Мрачная улыбка промелькнула на лице незнакомца.

— О, Гильотина, — вскричал он, — сколько добродетелей ты выявляешь!

И он продолжал путь, говоря сам с собой, затем крикнул гондолу и вскоре плыл уже по тесным водам Большого канала.

V

Виола сидела у открытого окна. Внизу сверкала широкая гладь канала, отражая холодные, но яркие лучи зимнего солнца. И не один галантный кавалер заглядывался на это прелестное личико, проплывая мимо в гондоле.

Наконец одно из этих темных суденышек остановилось посреди канала, и сидевший в нем устремил взгляд на дворец. Он сделал знак, и гребцы причалили к берегу. Иностранец вышел из гондолы и поднялся по широкой лестнице во дворец.

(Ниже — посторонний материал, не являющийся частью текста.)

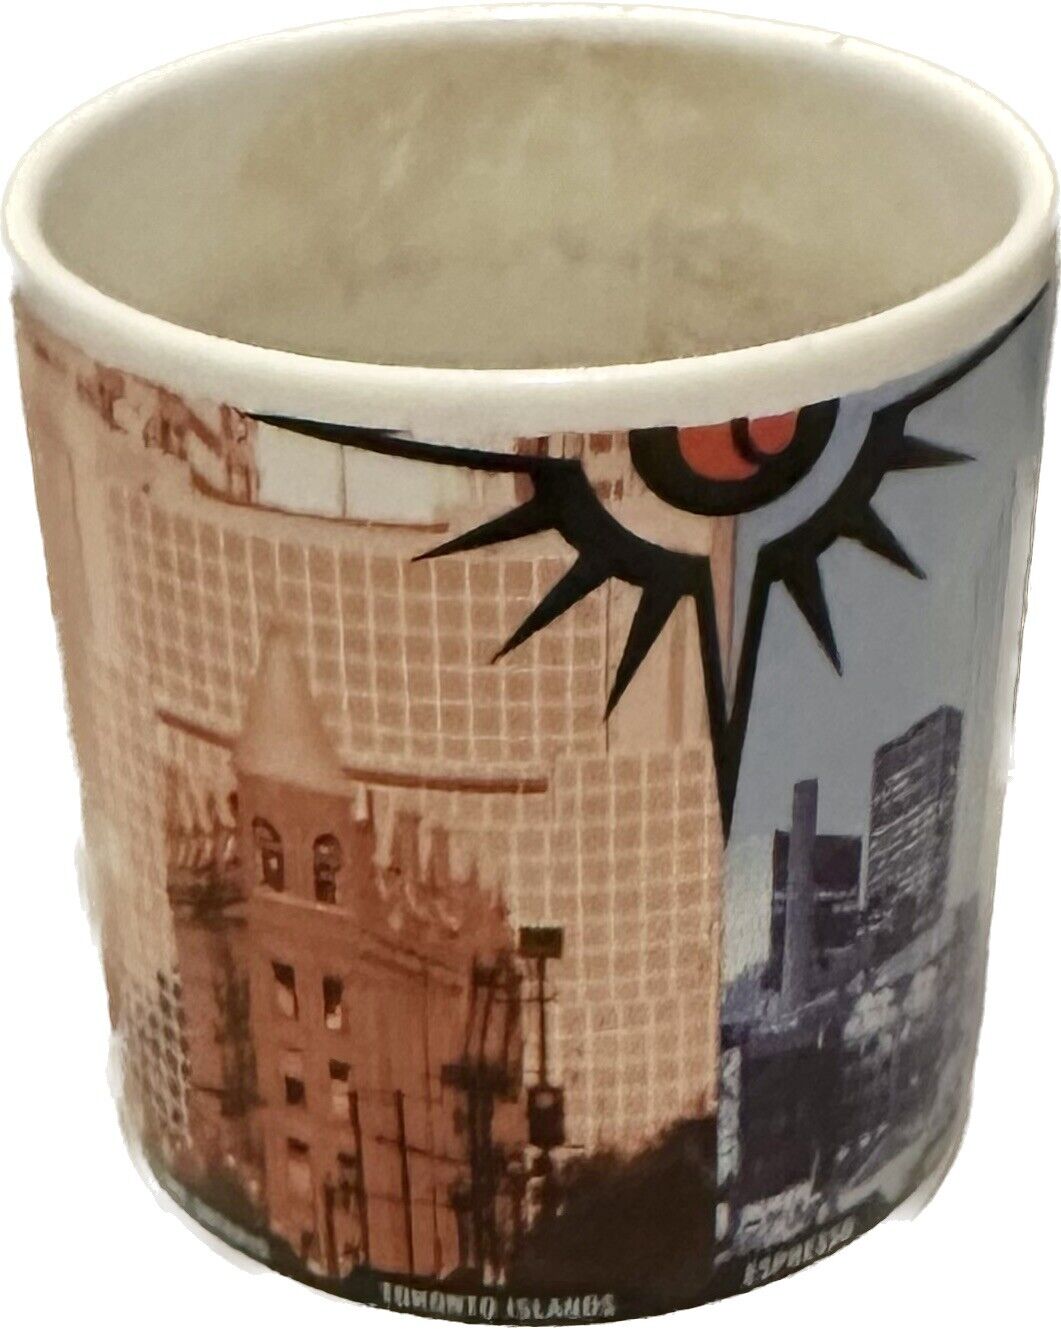 Starbucks 1999 Toronto Canada Ceramic Coffee Tea Mug Cup Collectible City Mug 16
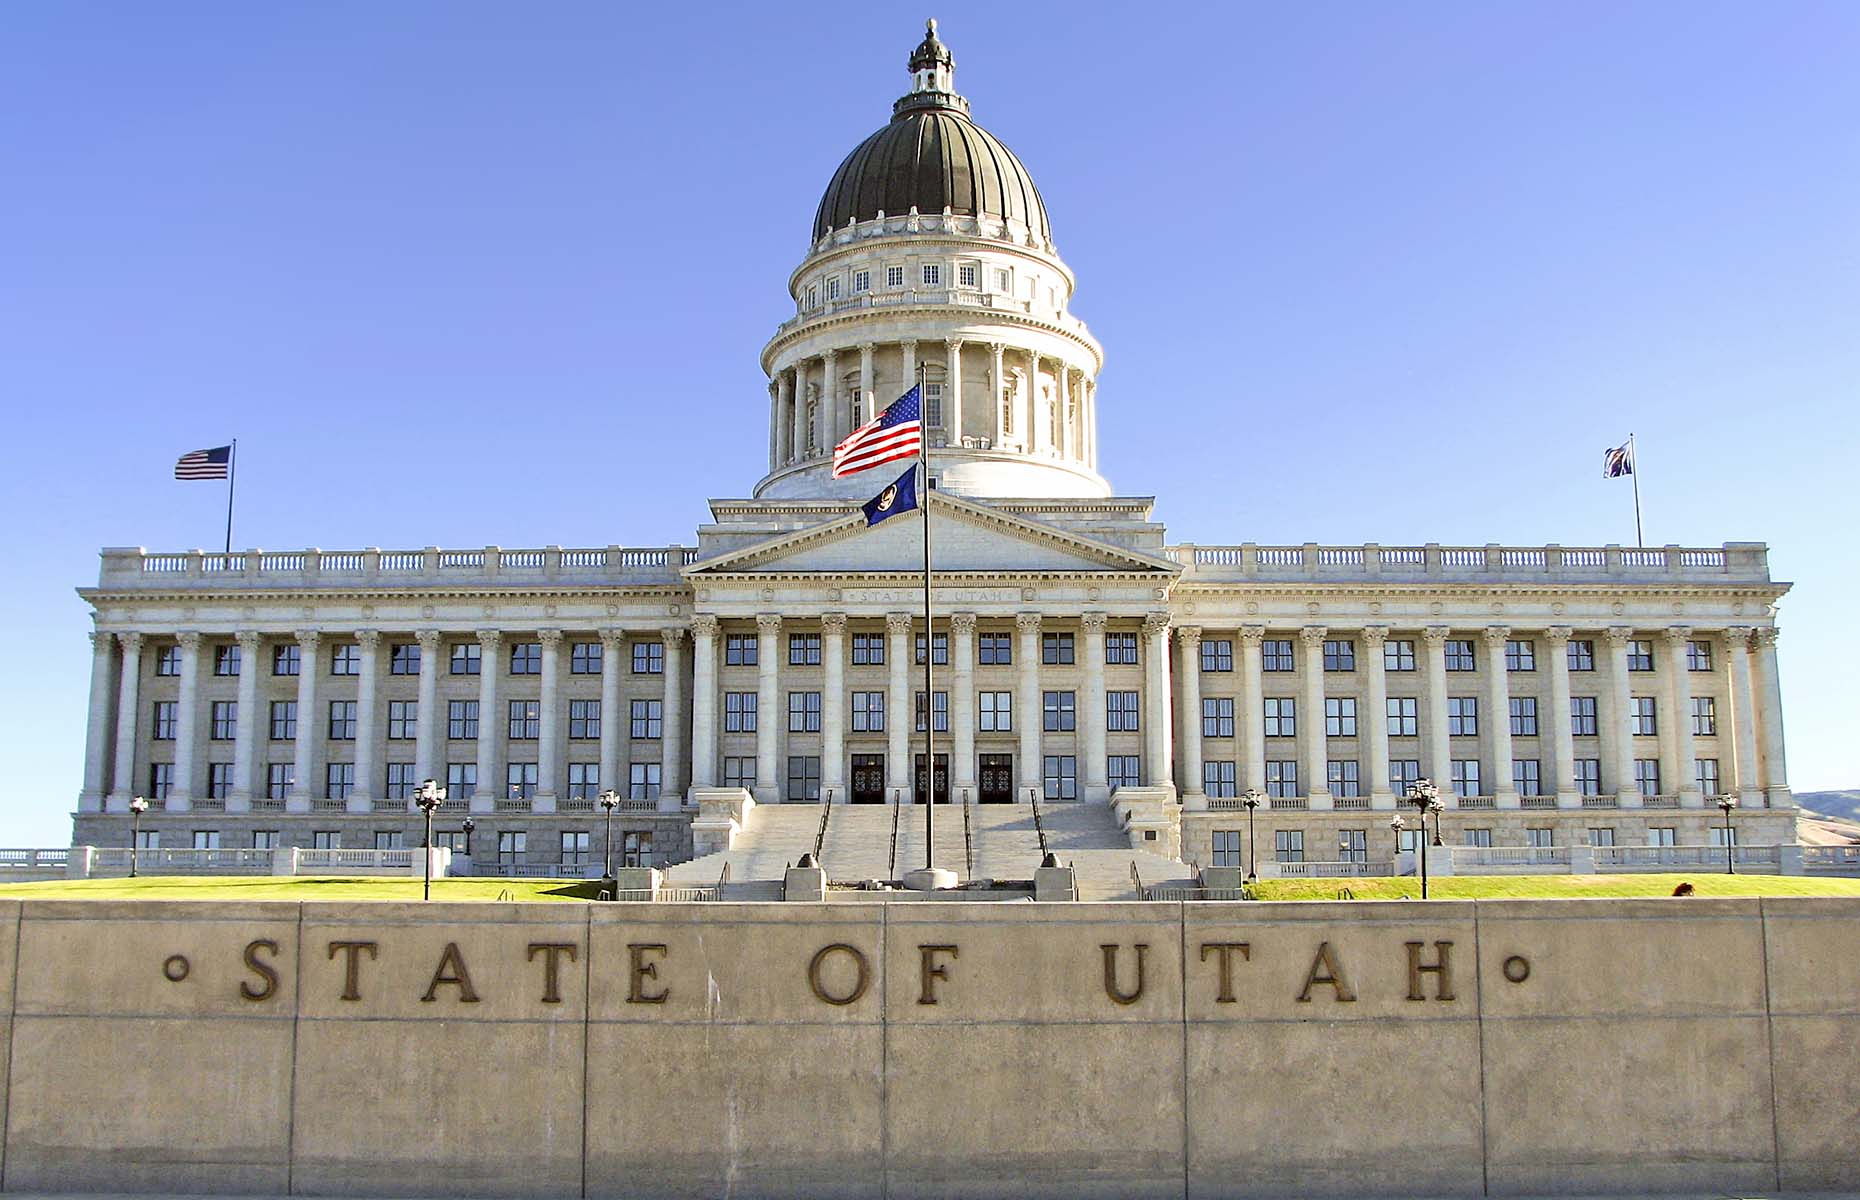 Utah State Capitol, Salt Lake City. (Image: Checco2/Shutterstock)

Слуга вошел в комнату и протянул Виоле карточку с текстом на английском языке: "Виола, я должен Вас видеть! Кларенс Глиндон".

О да, Виола была очень рада его видеть, рассказать ему о своем счастии, о Занони, показать ему своего ребенка! Бедный Кларенс! Она не вспоминала о нем до сих пор, как забыла и всю свою прошлую жизнь, свои мечты, надежды, волнения, обманчивую сцену, шумную толпу и аплодисменты.

Он вошел. Виола вздрогнула при виде его — так изменилось его мрачное чело, его решительные черты, на которых было запечатлено страдание. Его наружность не напоминала более того блестящего и легкомысленного художника и ее поклонника, которого она знала. Его костюм был прост и небрежен. Испуганный, отчаянный и свирепый вид сменил изящную серьезность, характерную прежде для молодого любителя искусства, мечтателя, стремившегося к таинственному знанию.

— Это вы! — сказала она наконец. — Бедный Кларенс, как вы изменились!

— Изменился! — отрывисто сказал он, садясь рядом с нею. — А кому я обязан этой переменой, как не колдунам и демонам, которые овладели вашим существованием так же, как и моим? Виола, выслушайте меня! Несколько недель тому назад я узнал, что вы в Венеции. Под разными предлогами и подвергаясь бесчисленным опасностям, я явился сюда, рискуя свободой, а может быть, и жизнью, если мое имя узнают в Венеции, чтобы предупредить и спасти вас. Я изменился, говорите вы. Изменился внешне, но что значит эта перемена в сравнении с внутренними мучениями? Примите мой совет, пока еще есть время.

Низкий, замогильный голос Глиндона испугал Виолу еще более, чем его слова. Бледный, худой, расстроенный, он казался выходцем с того света, явившимся поразить ее ужасом.

— Как! — сказала она наконец слабым голосом. — Что за дикие, страшные слова я слышу? Разве вы можете...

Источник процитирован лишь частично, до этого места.